Revenue-based financing (RBF) provides a repayment option that adjusts with your business's earnings. Instead of fixed amounts, payments are calculated as a percentage of your revenue. This means when your income fluctuates, so do your payments - making it easier to handle cash flow during slower periods.
On the other hand, traditional loans stick to fixed monthly payments, no matter how your business performs. While this setup works well for businesses with steady, predictable income, RBF is a smart choice for those needing financing that aligns with the ups and downs of their sales cycles.
What are the risks of using revenue-based financing for an eCommerce business?
Revenue-based financing can offer flexibility for eCommerce businesses, but it’s not without its challenges. One of the biggest concerns is the potential for higher overall costs compared to traditional loans. Since repayments are tied to your sales, rapid revenue growth could mean paying back more than you might with a standard loan. On the flip side, if your business hits a rough patch or underperforms, keeping up with repayments could become difficult, adding financial pressure.

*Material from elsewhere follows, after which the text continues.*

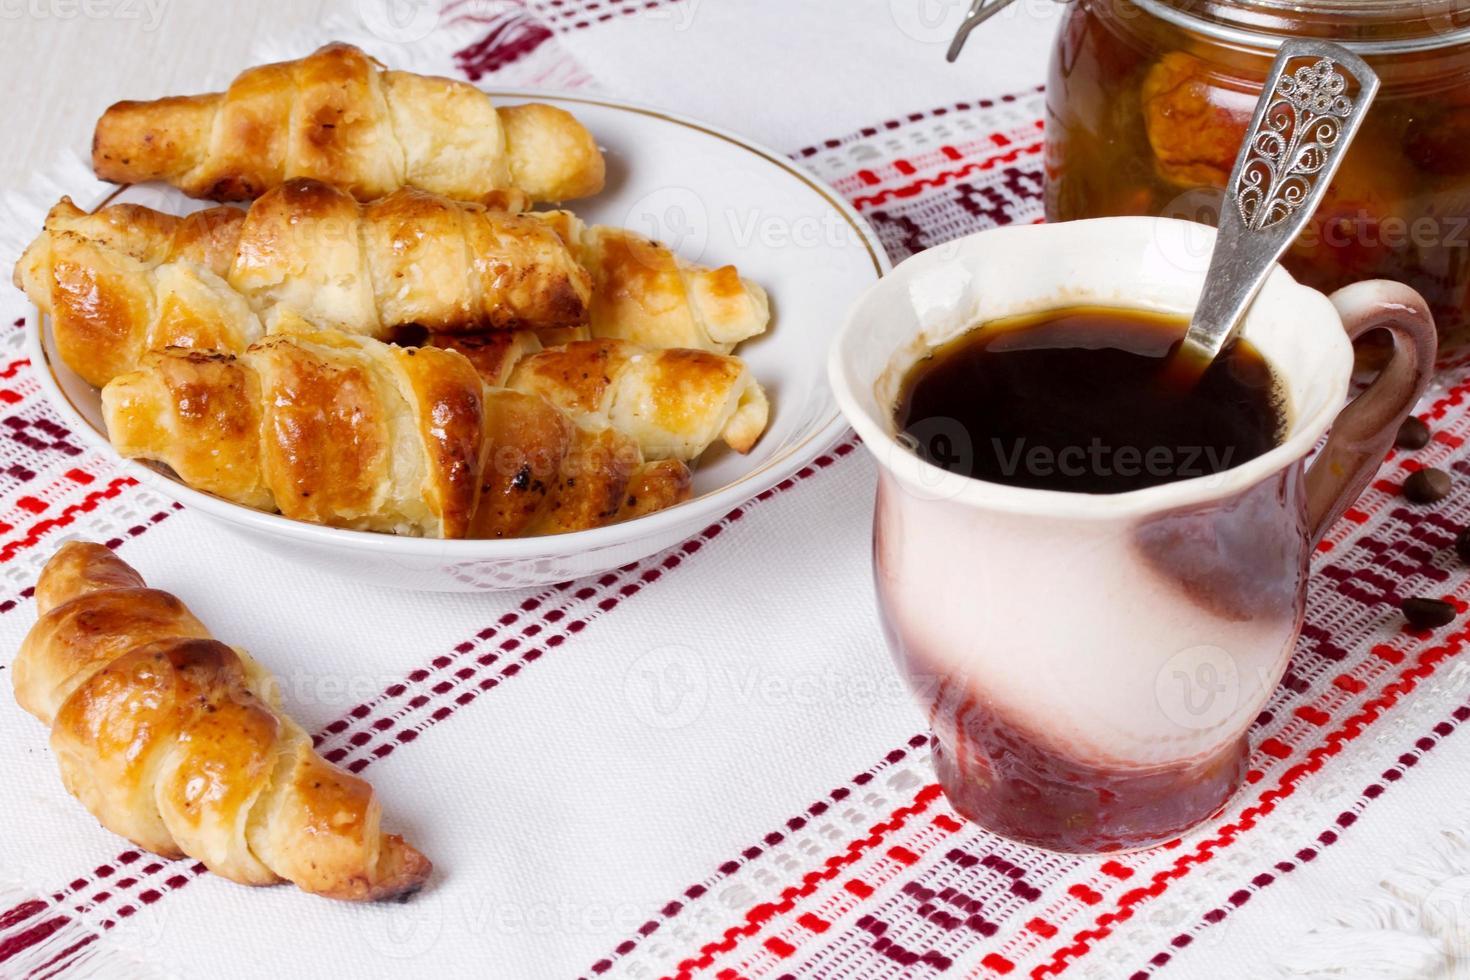 colazione francese - caffè e cornetti foto

To navigate these risks, it’s critical to thoroughly assess your business’s revenue patterns, understand the repayment terms, and evaluate your financial stability before committing to this financing option. A clear picture of your financial situation can help you make an informed decision.
How can businesses protect their sales data when using revenue-based financing platforms?
To ensure the safety of sales data when using revenue-based financing platforms, businesses need to adopt strong data protection measures. This means utilizing secure connections, routinely checking privacy settings, and adhering to applicable data protection laws.
Take platforms like Onramp Funds, for example. They are built with security at the forefront, offering safe integrations with major eCommerce platforms. This allows businesses to monitor revenue in real-time while keeping sensitive information protected. By practicing sound data management and establishing clear privacy protocols, businesses can securely integrate their sales data without worrying about potential risks.